I work with fungal ITS sequences. Have worked with a number 454 datsets, and am now working with Illumina miseq, and thus many many more sequences (50-100 times more per run).
Can we use Mothur to bring an illumina dataset from demultiplexed fastq files to a otuXsample table without aligning?
If so, how? (The recommended illumina SOP assumes we are aligning our sequences, and it seems many of the scripts require aligned sequences)

If we need to align at certain steps for the mothur workflow to work, can we do it without using an aligned ITS database?

Thanks very much in advance for any assistance.

You can get a distance matrix for clustering using the pairwise.seqs command.

I don’t know if there’s an official mothur SOP for ITS sequences, but I think that the following steps would give you the gist of the 16S rRNA SOPs, without the need for alignment:

screen.seqs() #Remove short/bad quality sequences
remove.lineage() #Get rid of anything you consider junk.

For classification, there’s a mothur-formatted copy of the UNITE database here.

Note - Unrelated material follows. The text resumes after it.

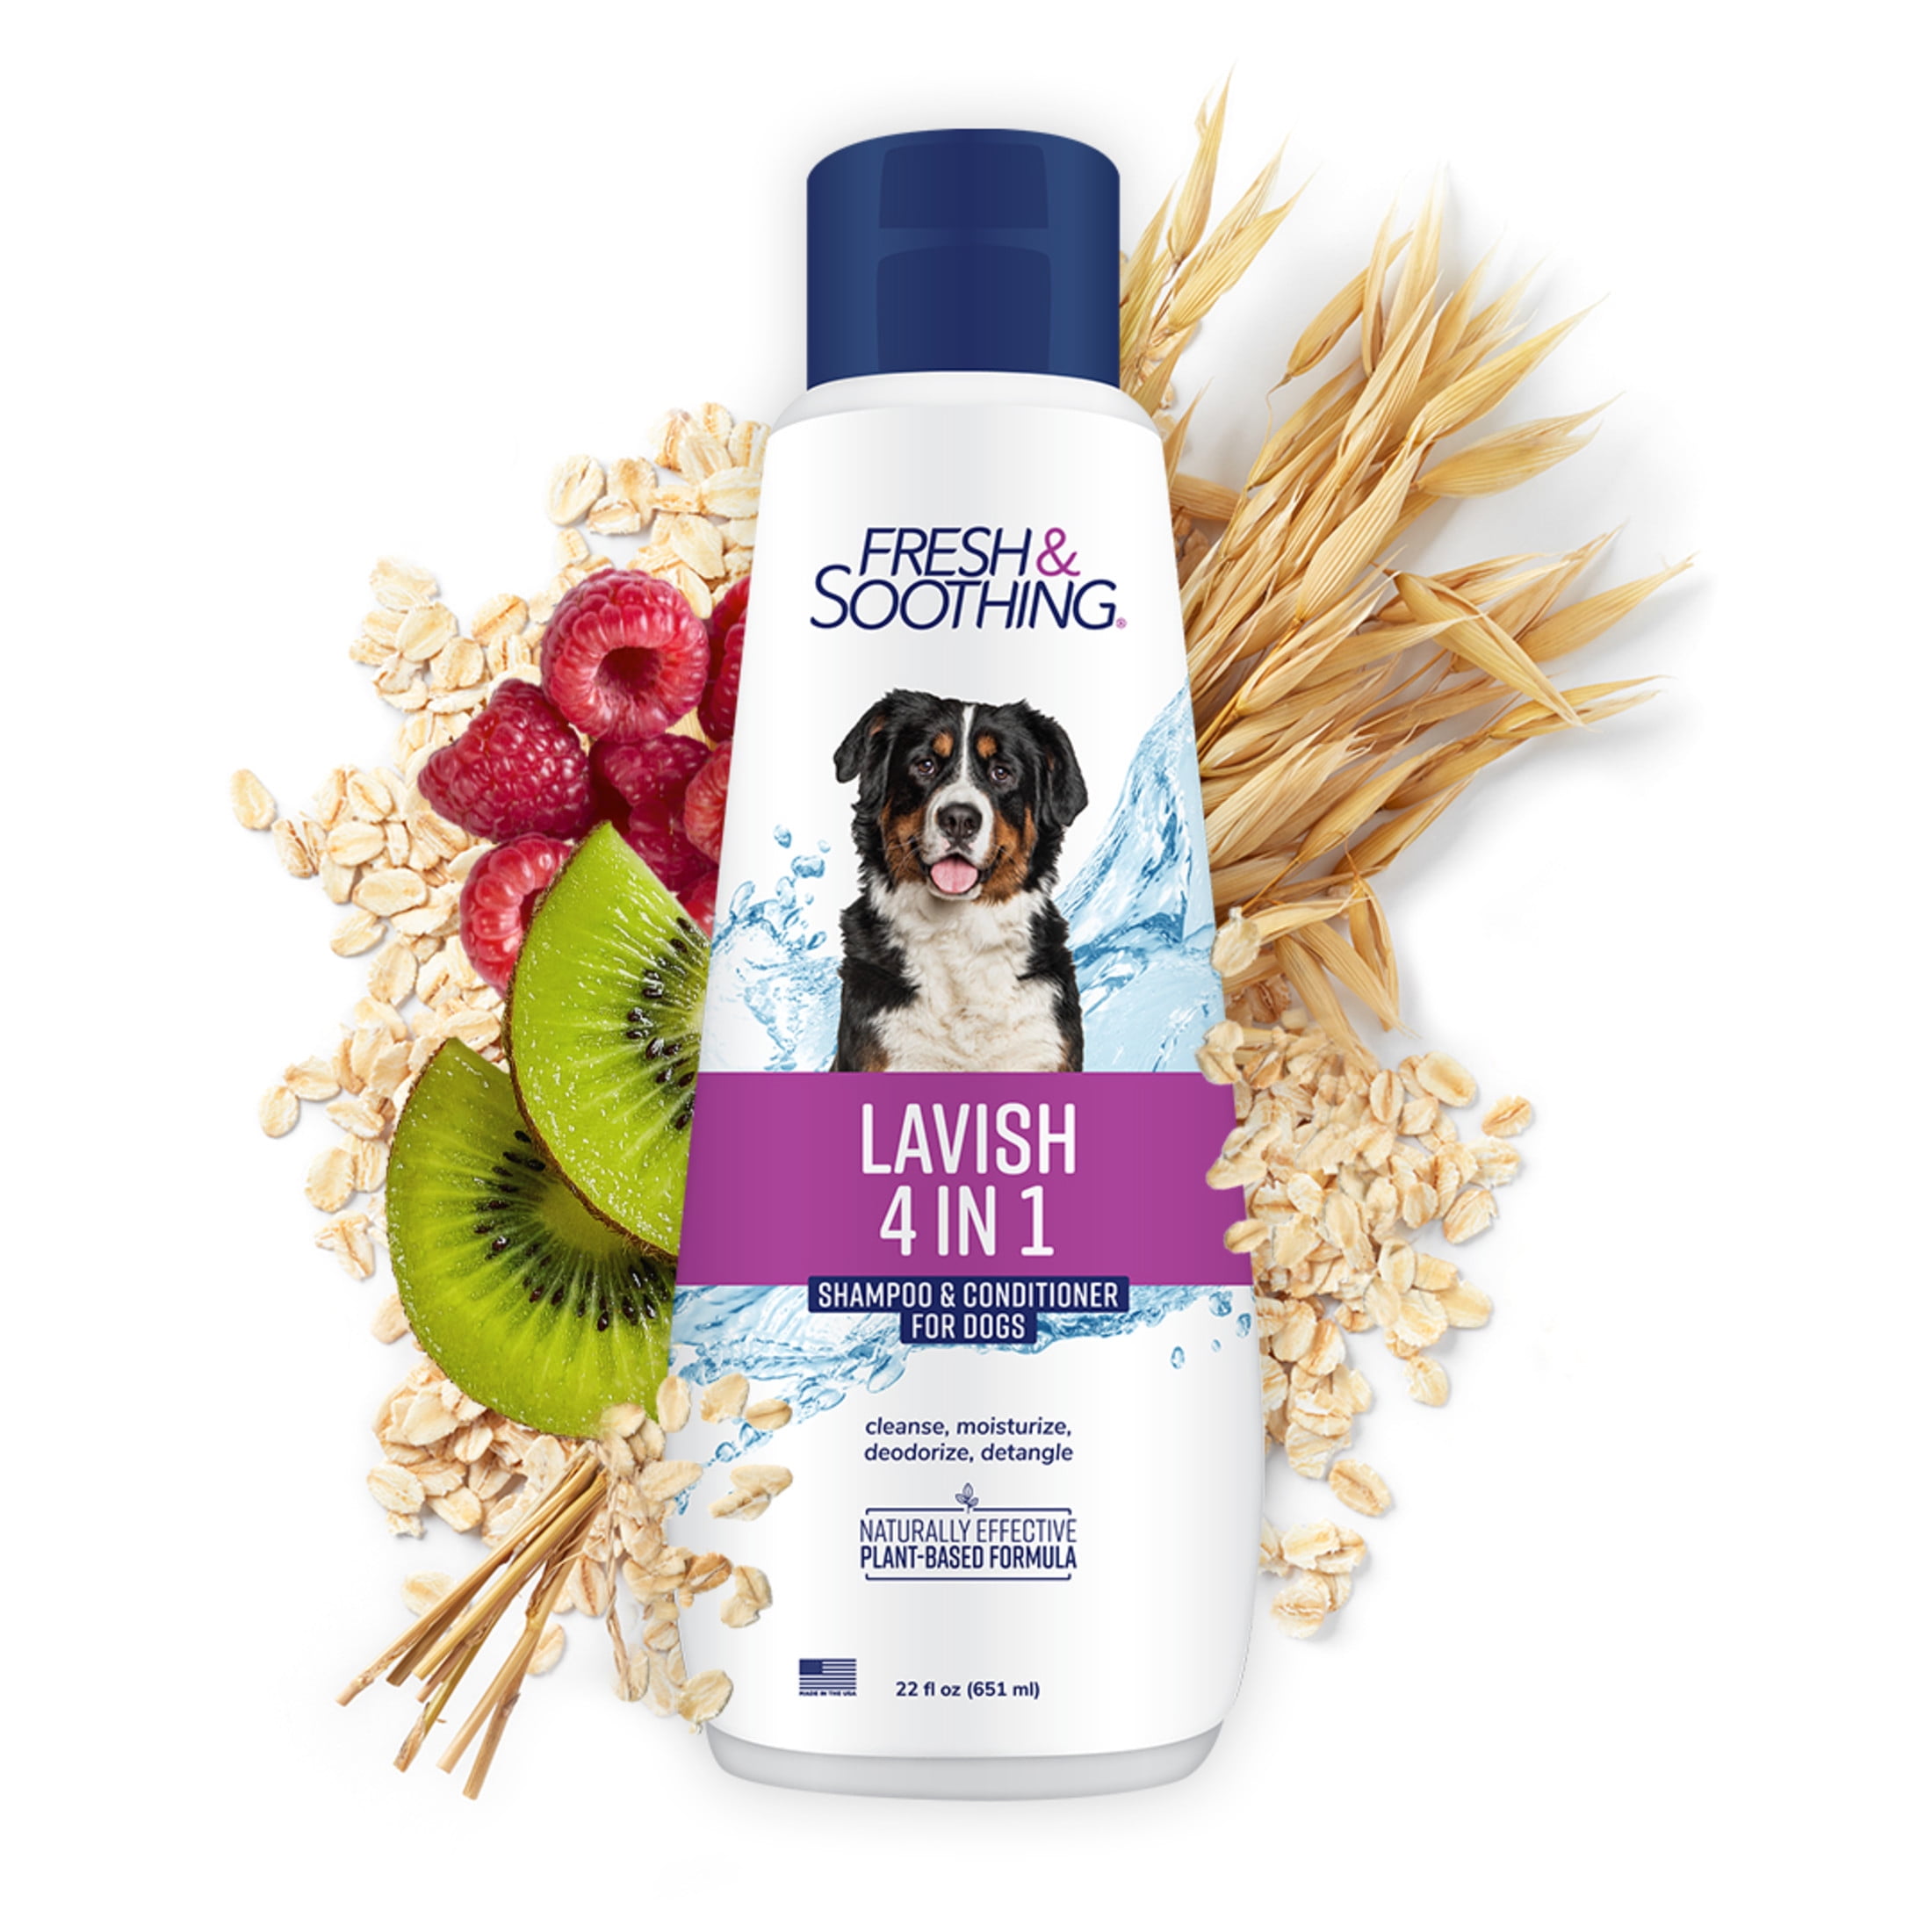 Pets Empire Dog Perfume (Angel Pet) - (135 ML) - Dogomart

Thanks a lot for the reply.
It looks like though, for the amount of sequences I have pairwise.seqs is going to take weeks.
I don’t have any idea what the columns in the verbose output correspond to (the one on the right might be total number of seqs? But the one on the left moves around a great deal), so I can’t tell how far it has progressed, but it seems prohibitively slow.
do you?

If you’re worried about run time you could try an alternate clustering approach like UPARSE.

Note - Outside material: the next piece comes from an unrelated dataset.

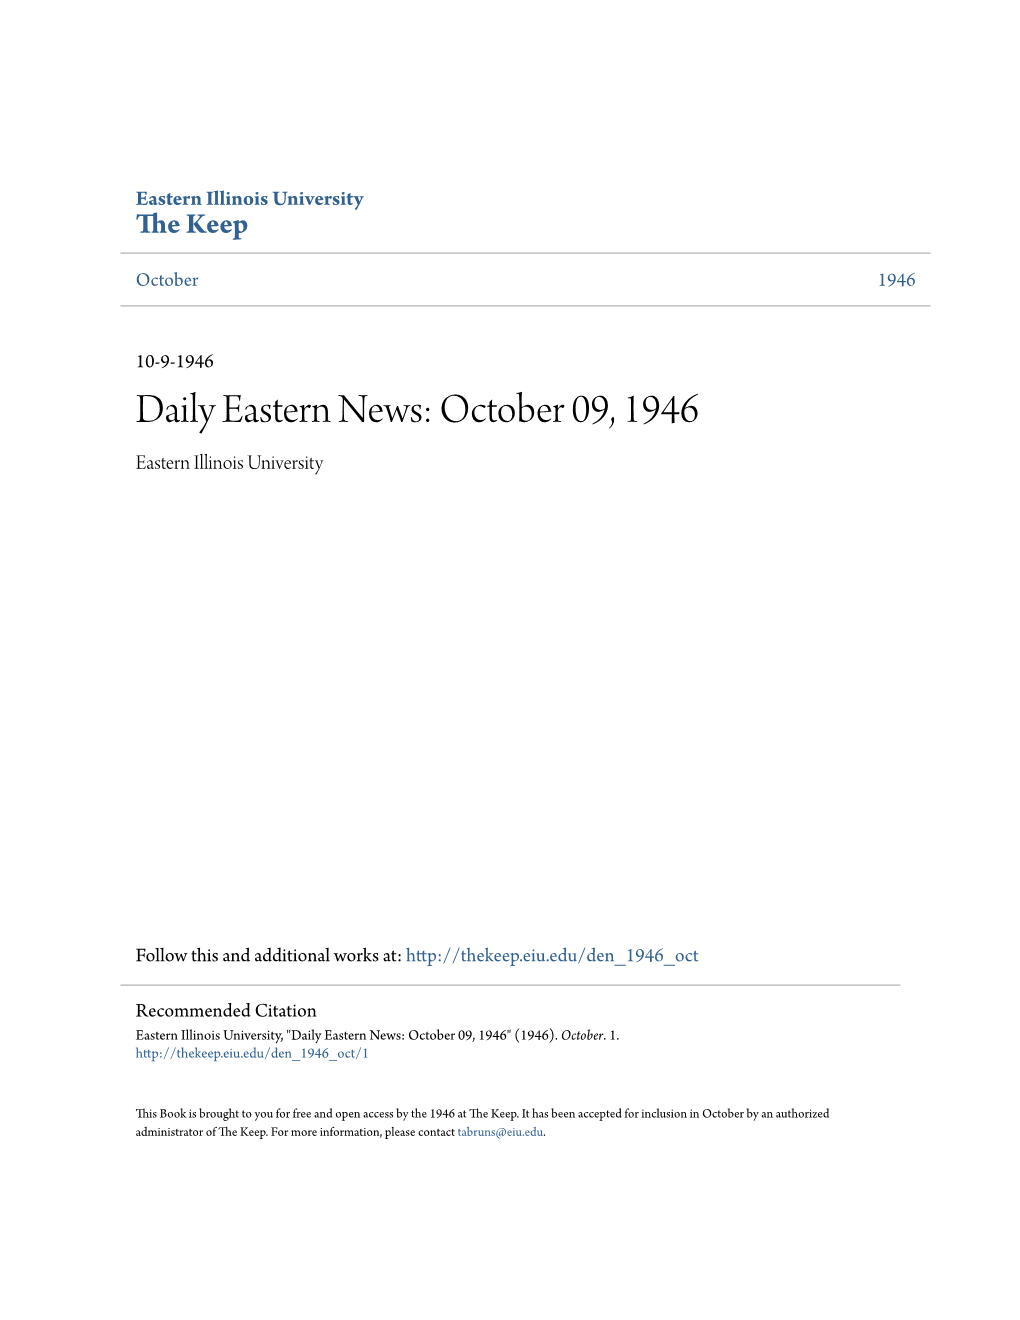 Daily Eastern News: October 09, 1946 Eastern Illinois University

I do wonder about this a bit though. I know people on these forums (including Pat, I think) have expressed concern that because the ITS regions are fundamentally different to the 16S gene (in terms of evolutionary pressure and functional importance) it’s not appropriate to apply established 16S pipelines to them. With that in mind, you could cut the analysis time down significantly by just classifying your amplicons and building your OTU table from phylotypes instead of sequence identity (classify.seqs, phylotype, make.shared).